The ward is quiet this morning, just the sound of the squeaky-wheeled medicine trolley and my adjacent neighbour reading a crossword out loud. He stops, exasperated by a clue.

    “Hamish?”

    I turn, wincing a little at my shoulder’s protest.

    “Leroy?”

    “Dog crossing undefined wilderness sometimes in underwear’. First letter P.”

    I look at his old black face, grey eyebrows furrowed in friendly question and wish I could help. Crosswords always elude me.

    “. . . er. Something to do with the night sky?”

    He peruses the page again: “P . . . mm. Nope. What about, ‘oves snared within foliage’? Three words starting with S.”

    “Sheep-eating plant.”

    “ . . . . S. H. E.E.P. Yes . . . man, how’d d’you know that?”

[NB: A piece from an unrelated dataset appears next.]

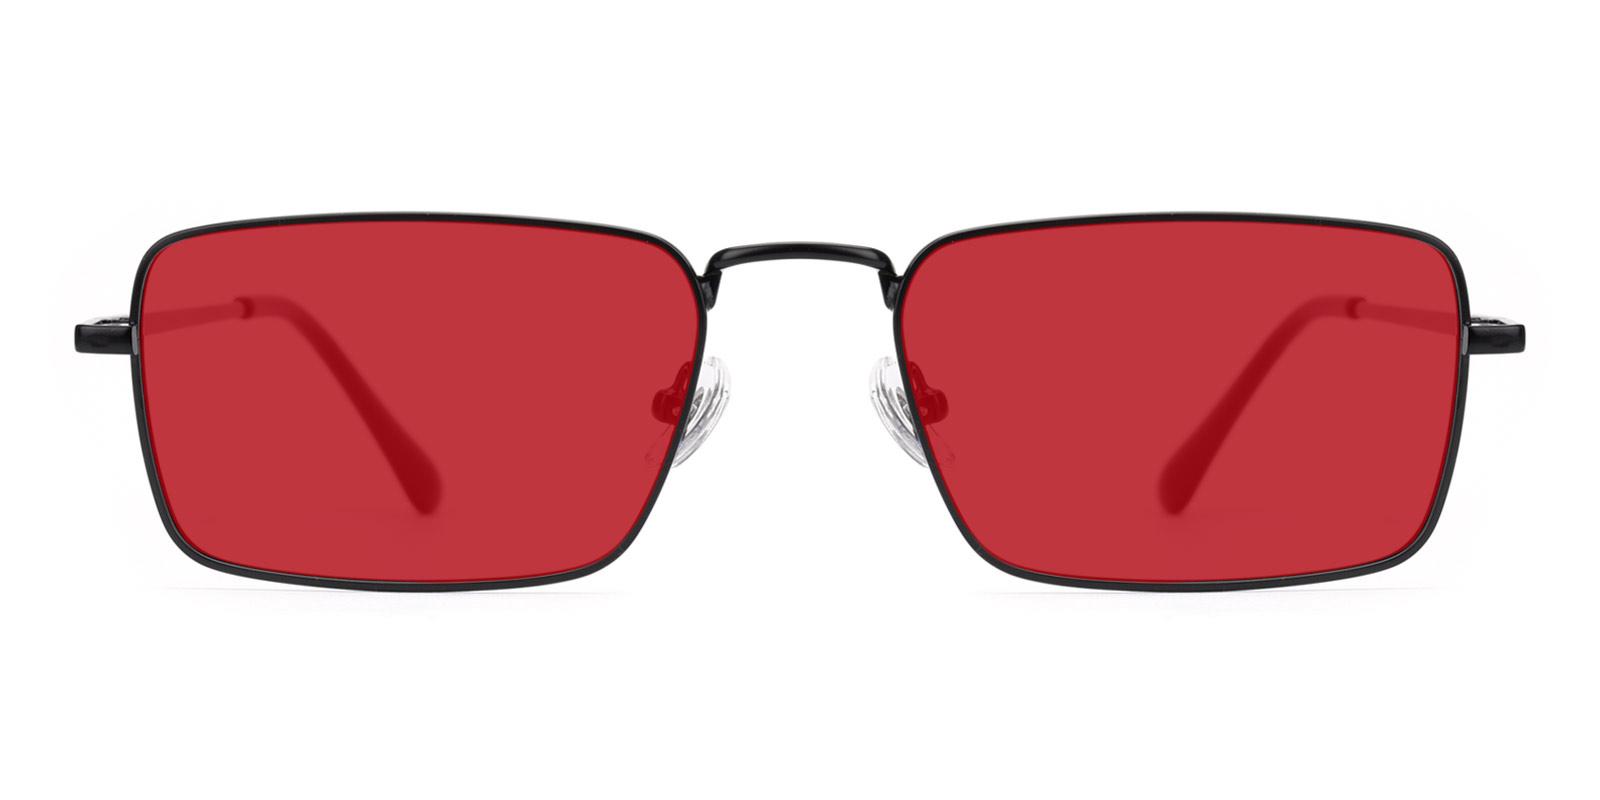 Phoebe-Red-Rectangle-Metal-Sunglasses-detail

    I’m stunned myself. “I just remember feeling horrified that there is actually a plant that reaches out and grabs large animals.”

    “Not in London?”

    “No. Peru, I think. Although, apparently brambles can do the same thing.”

    “Blackberry plants can eat sheep?”

    “Not as such. It’s the thorns . . . the sheep gets stuck as it tries to free its wool from the plants, gets more stuck and eventually dies, thus nourishing the bramble bush – for ever pretty much considering the size of the animal.”

    Leroy looks impressed. “What did you say you do?”

    “I’m a writer.”

    He nods, smiles and goes back to his crossword and I sit there thinking about that phrase. ‘I’m a writer’. Do you become a writer when someone with special powers says so – like a chief editor at a major publishing house? Or are you allowed to just say, ‘I’m a writer’ if you write?